*TASK OBJECTIVE*: Find the line below with "Nahaufnahme einer Schildkröte" and the line with "Ingwerpflanze mit dünnen". Output exactly those lines and everything between them, leaving out the pictures.

*SOURCE DATA*:
•••

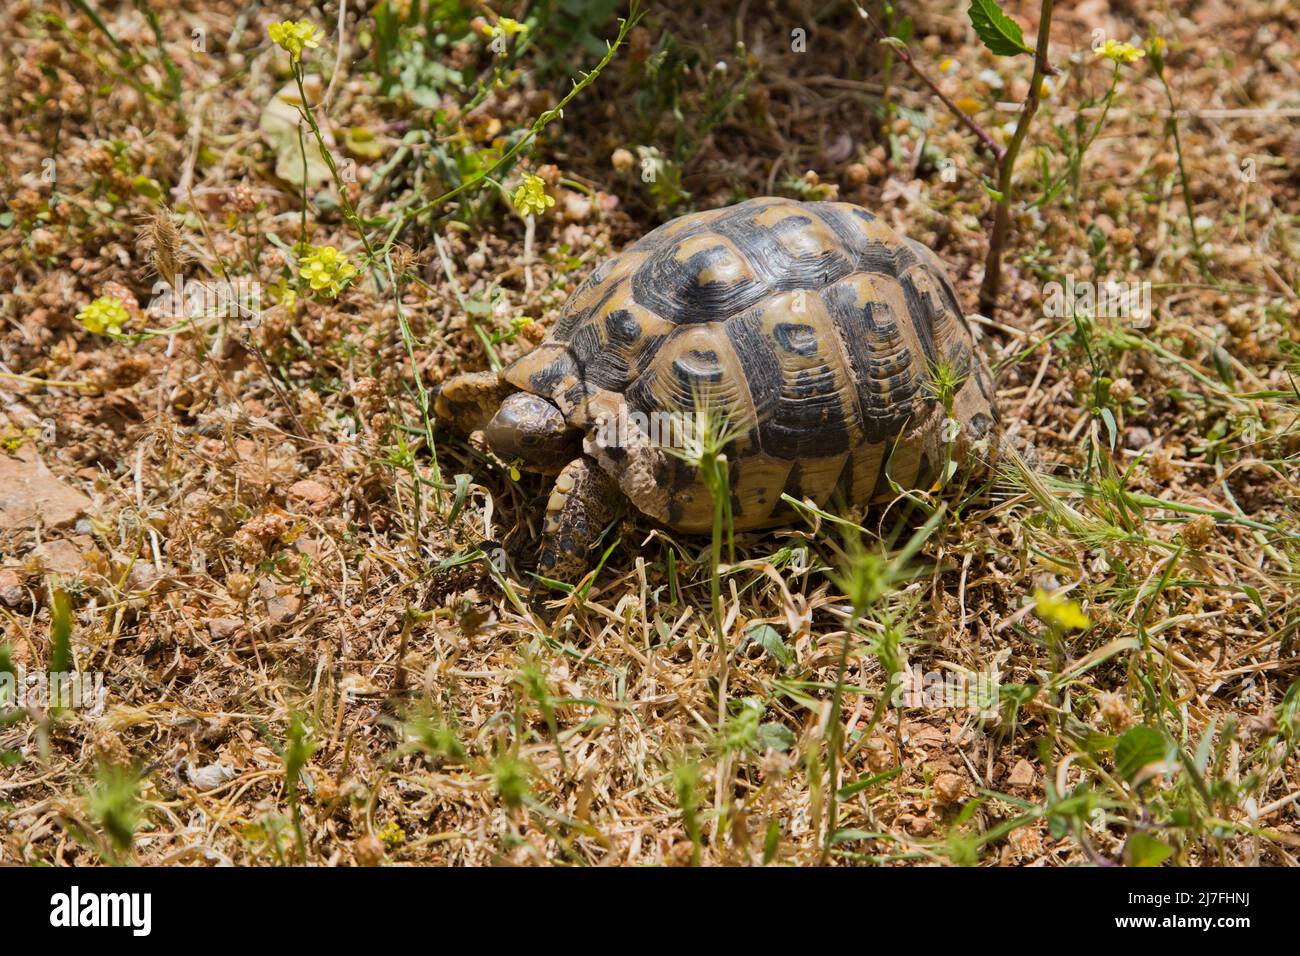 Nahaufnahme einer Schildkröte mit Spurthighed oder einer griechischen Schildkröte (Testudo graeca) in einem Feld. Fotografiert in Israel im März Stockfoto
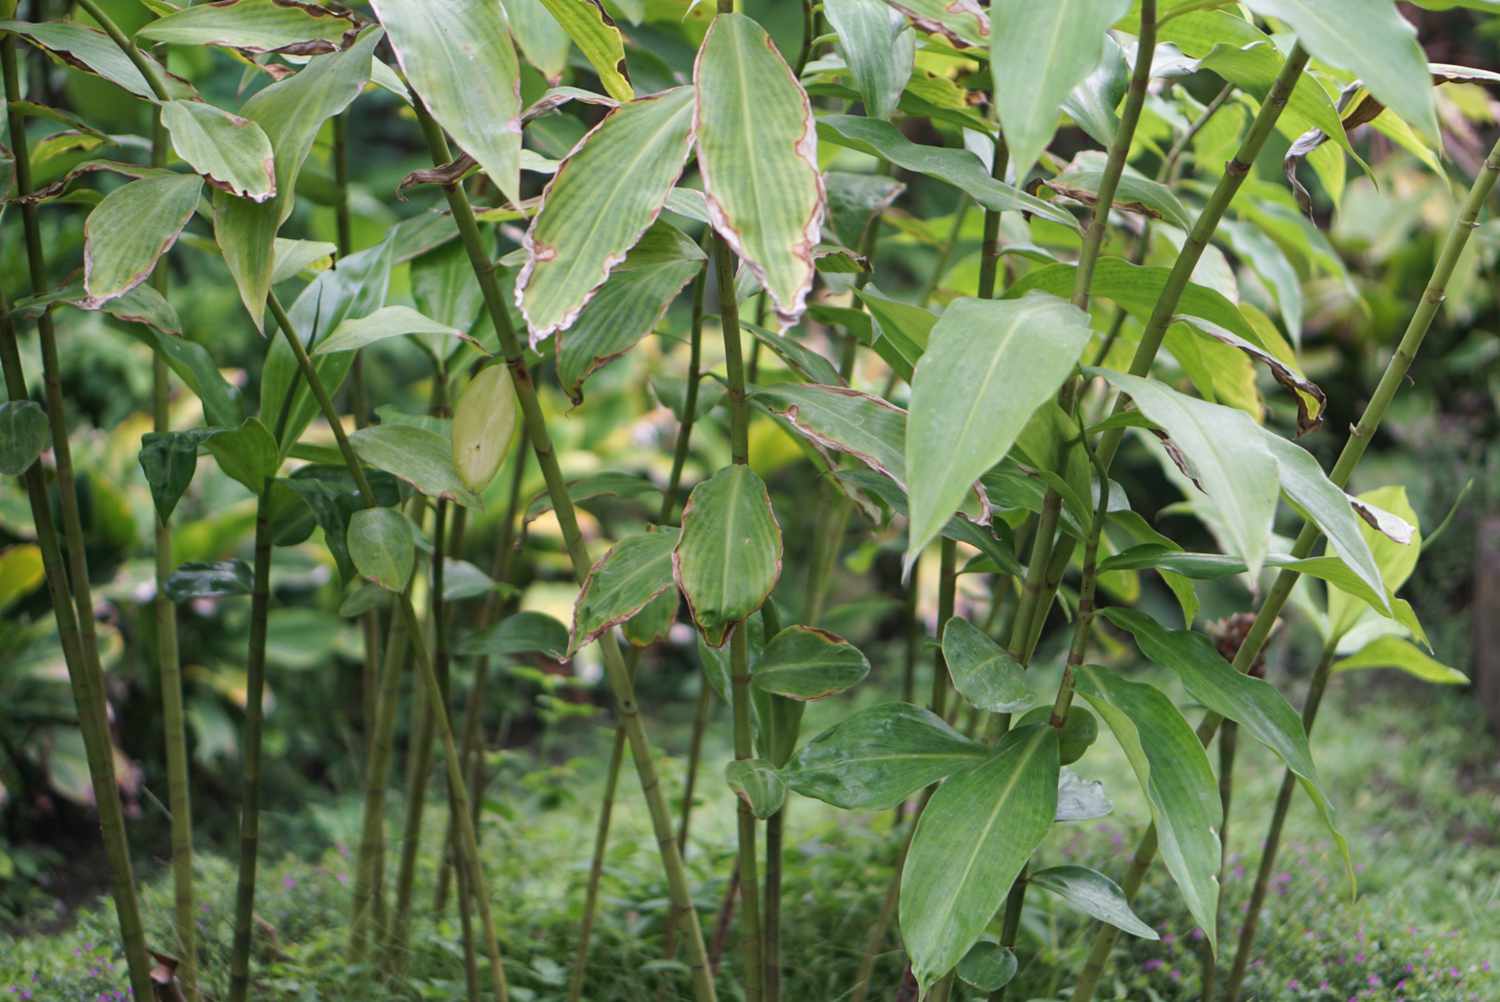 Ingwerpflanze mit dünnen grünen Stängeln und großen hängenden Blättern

•••

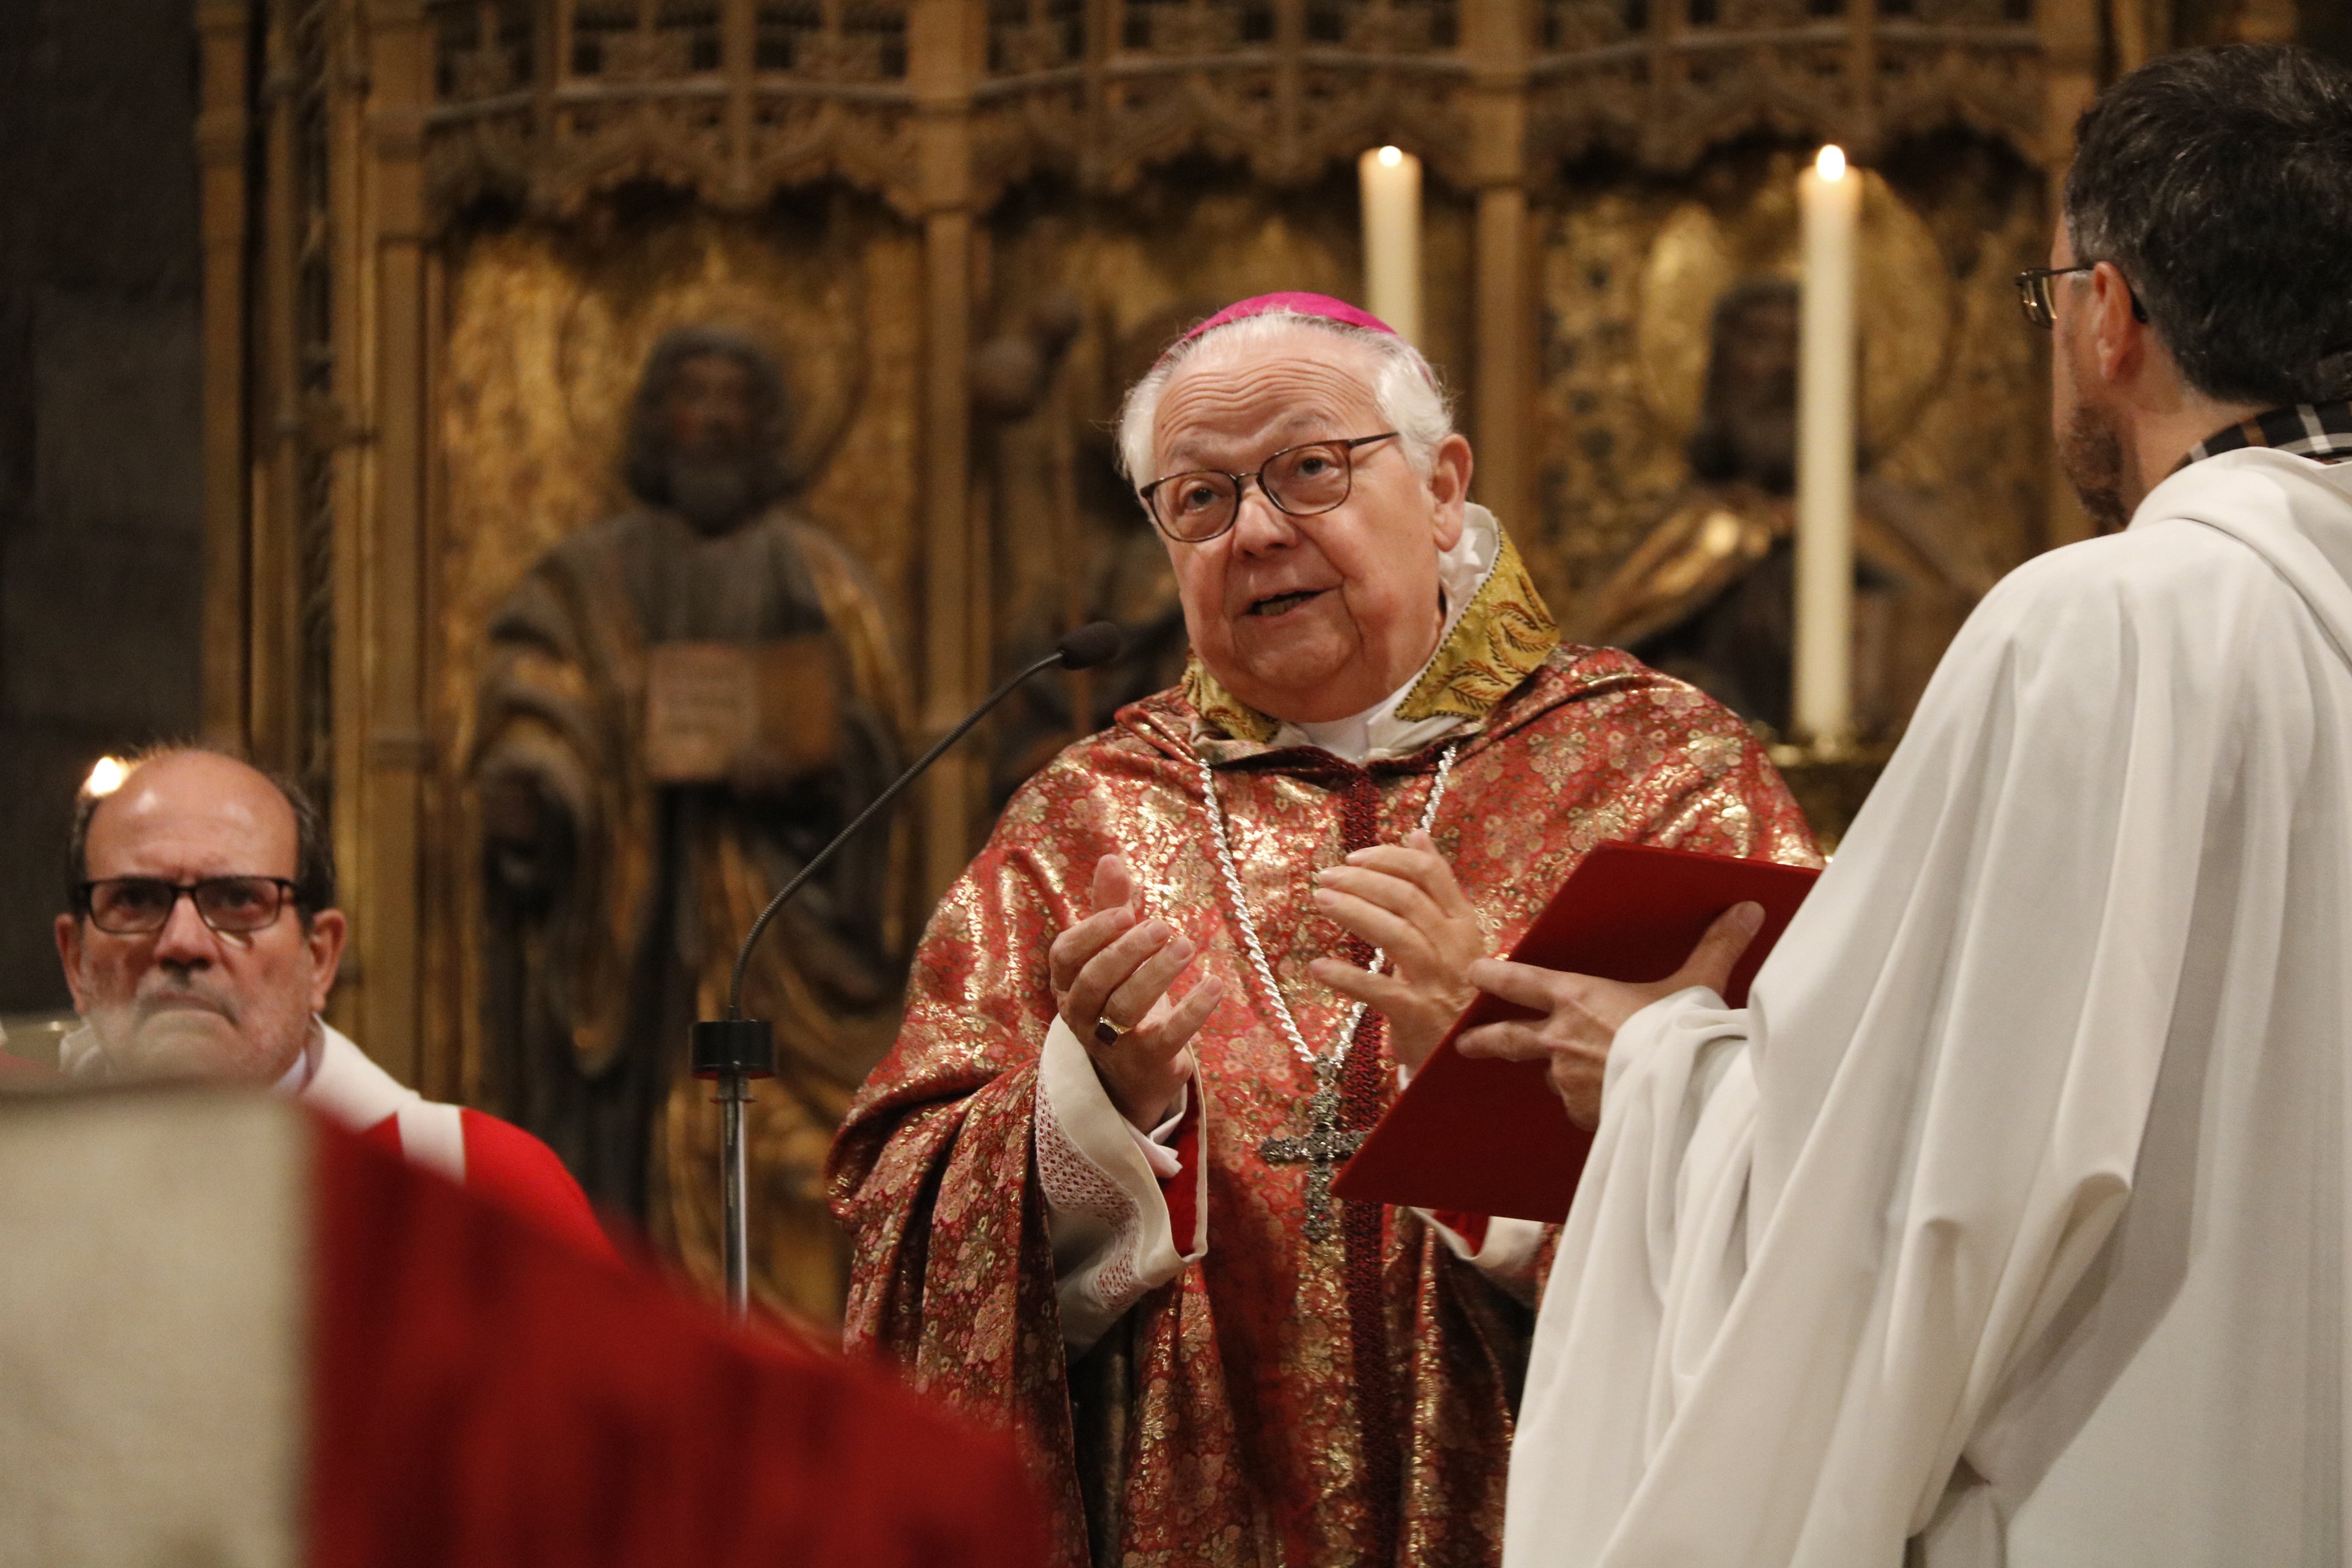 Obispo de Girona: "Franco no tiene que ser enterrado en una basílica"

•••

*SOLUTION FOR THIS TASK*:
 Nahaufnahme einer Schildkröte mit Spurthighed oder einer griechischen Schildkröte (Testudo graeca) in einem Feld. Fotografiert in Israel im März Stockfoto
 Ingwerpflanze mit dünnen grünen Stängeln und großen hängenden Blättern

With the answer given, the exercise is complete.